### How to complete this task
Transcribe, starting at the line with "Bali, Indonesien: 1" and ending at the line with "Gucci Interlocking Buckle", every line of the material below exactly, but leave out the pictures and anything outside that span.

### Given records
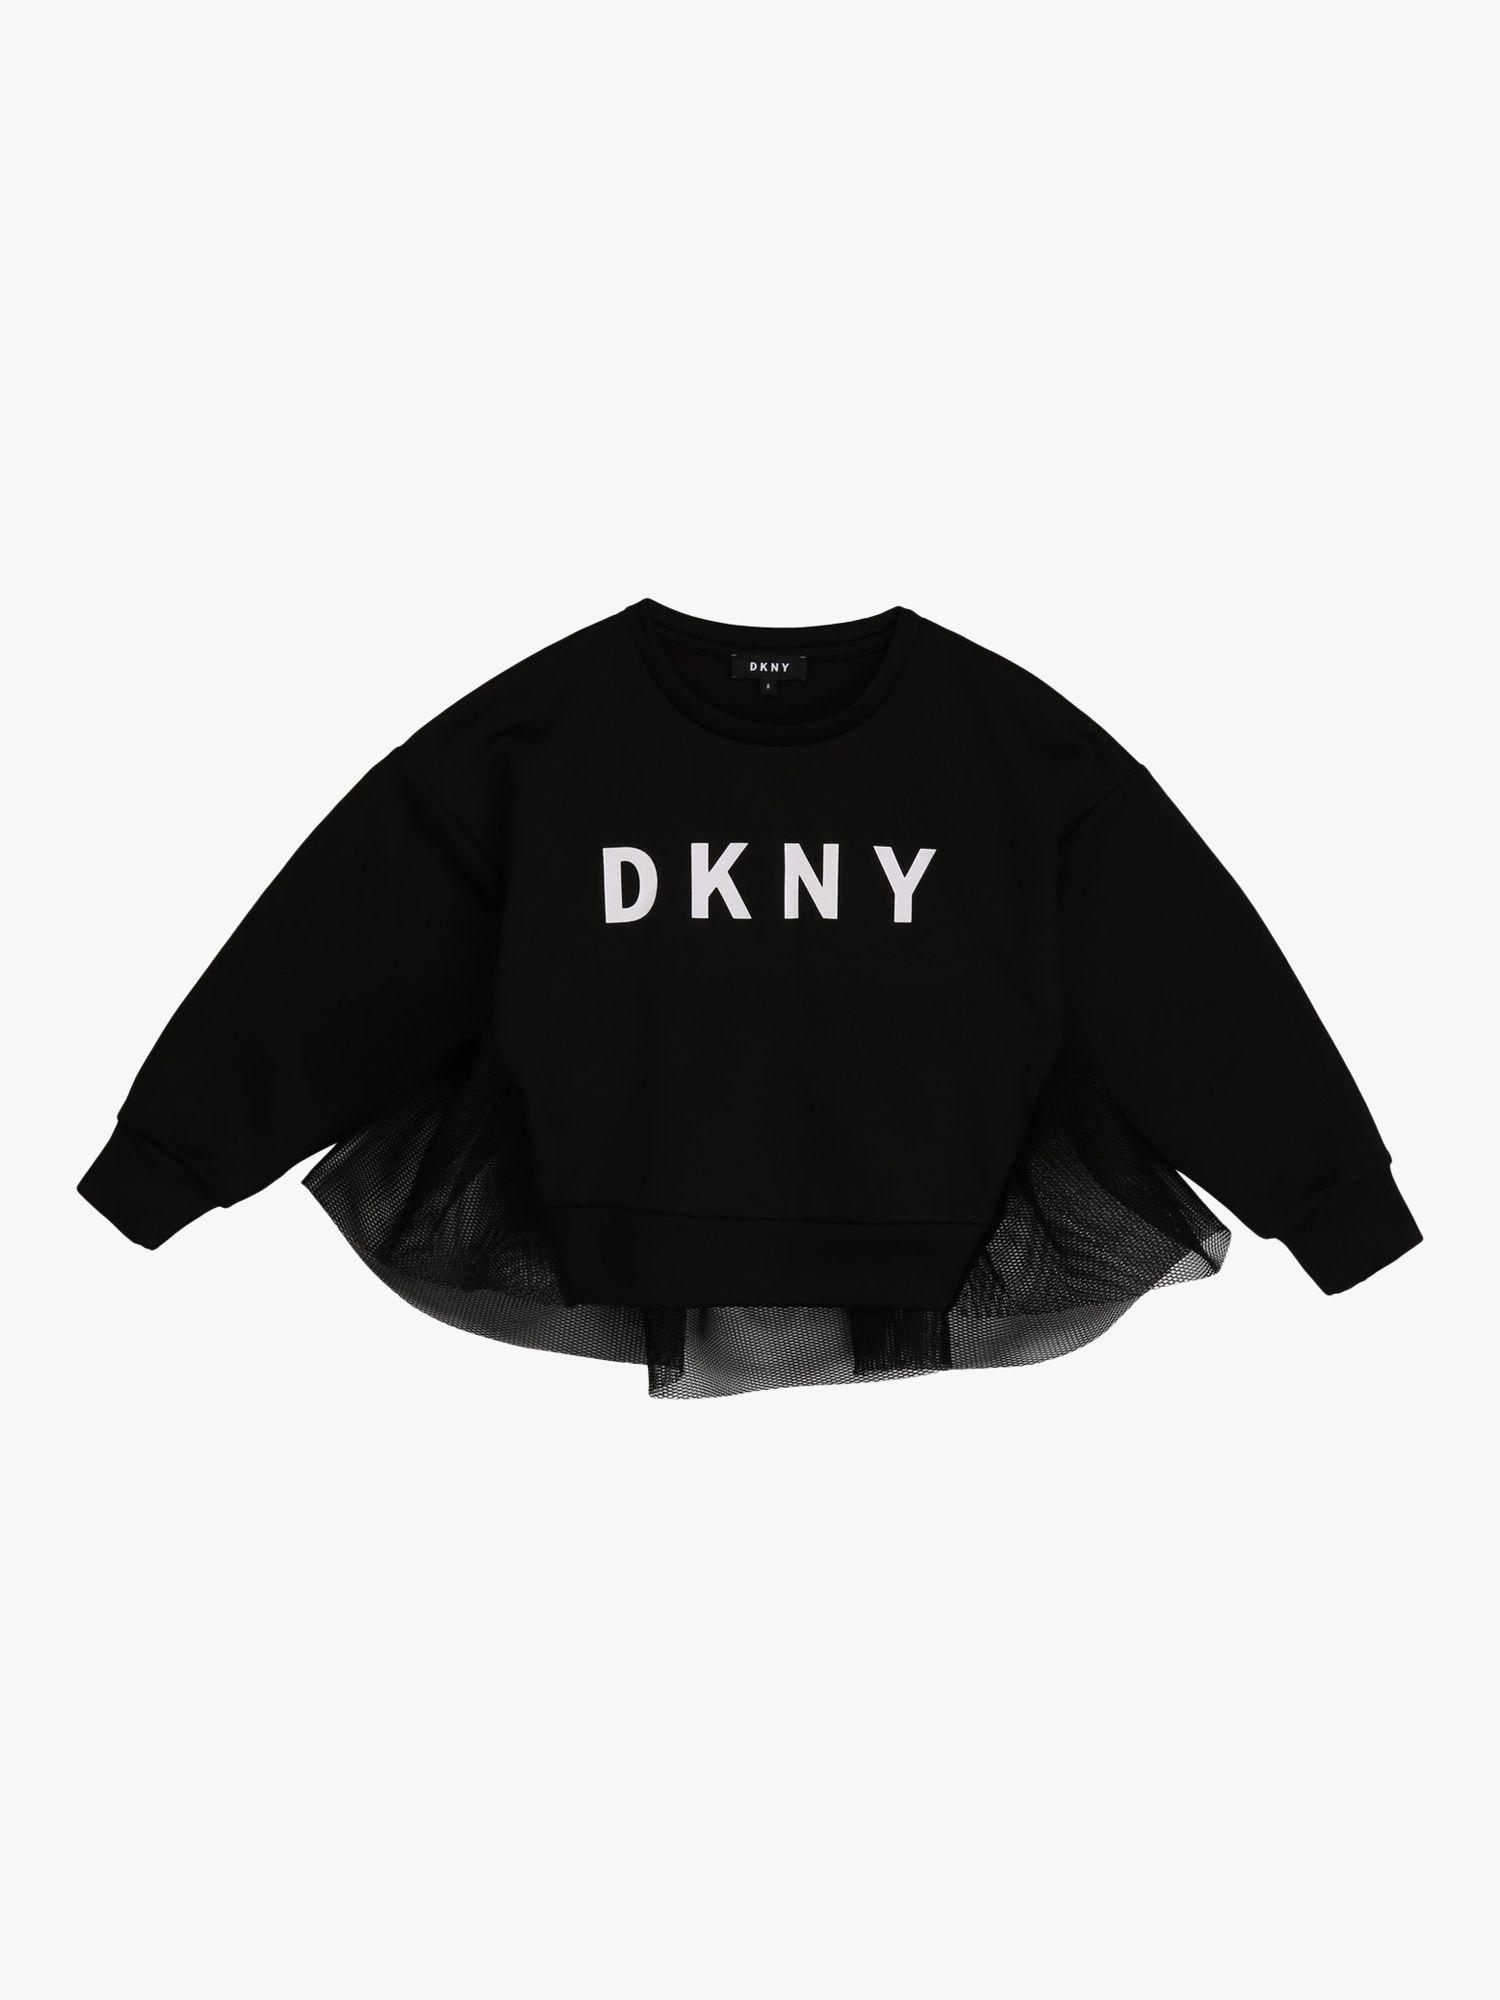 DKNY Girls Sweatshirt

* * *

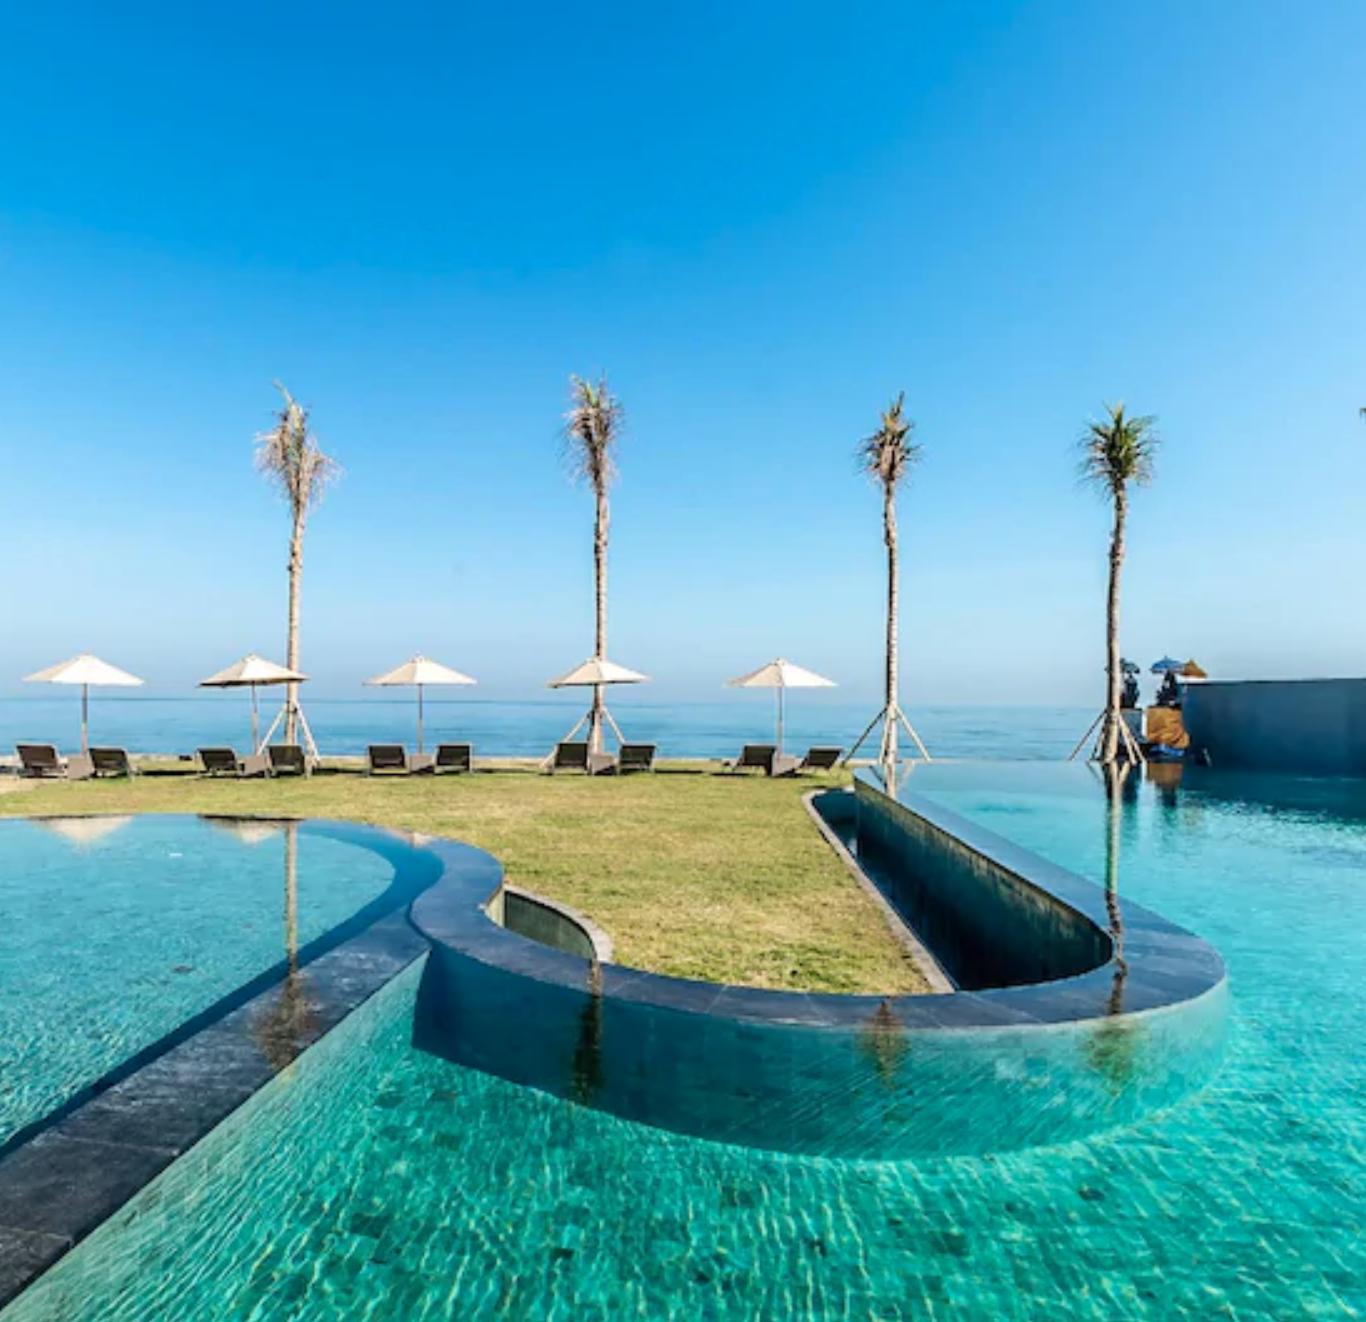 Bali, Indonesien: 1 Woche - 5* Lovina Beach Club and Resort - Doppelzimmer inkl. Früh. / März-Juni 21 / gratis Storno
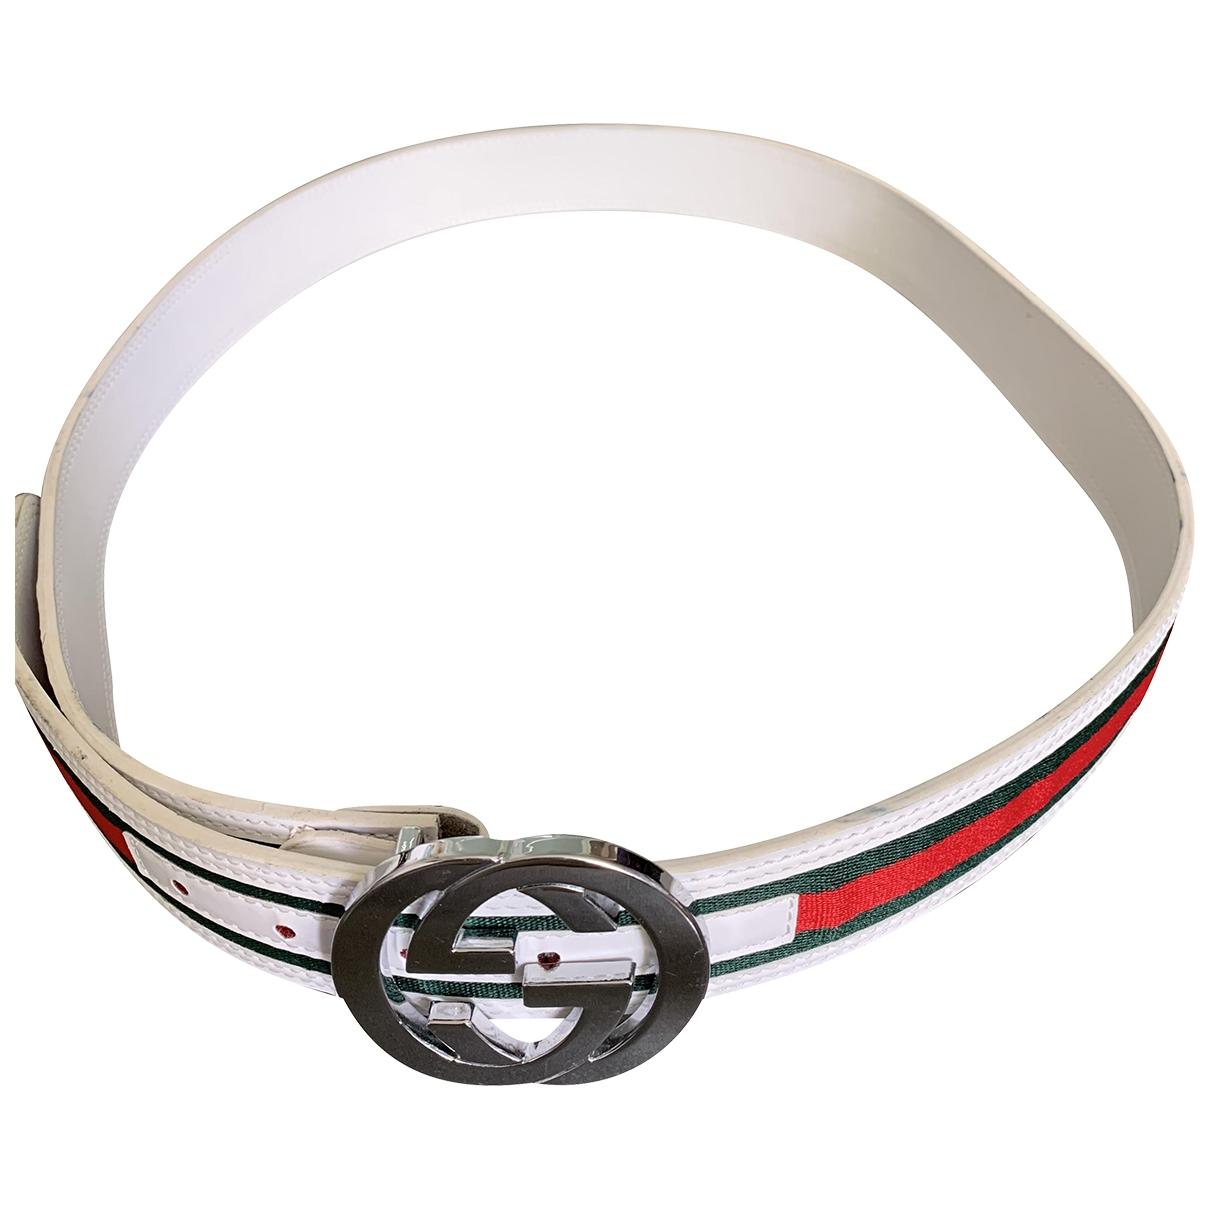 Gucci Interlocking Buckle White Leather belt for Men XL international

==

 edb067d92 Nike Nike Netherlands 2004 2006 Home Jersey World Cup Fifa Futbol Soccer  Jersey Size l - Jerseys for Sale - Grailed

### Task solution
 Bali, Indonesien: 1 Woche - 5* Lovina Beach Club and Resort - Doppelzimmer inkl. Früh. / März-Juni 21 / gratis Storno
 Gucci Interlocking Buckle White Leather belt for Men XL international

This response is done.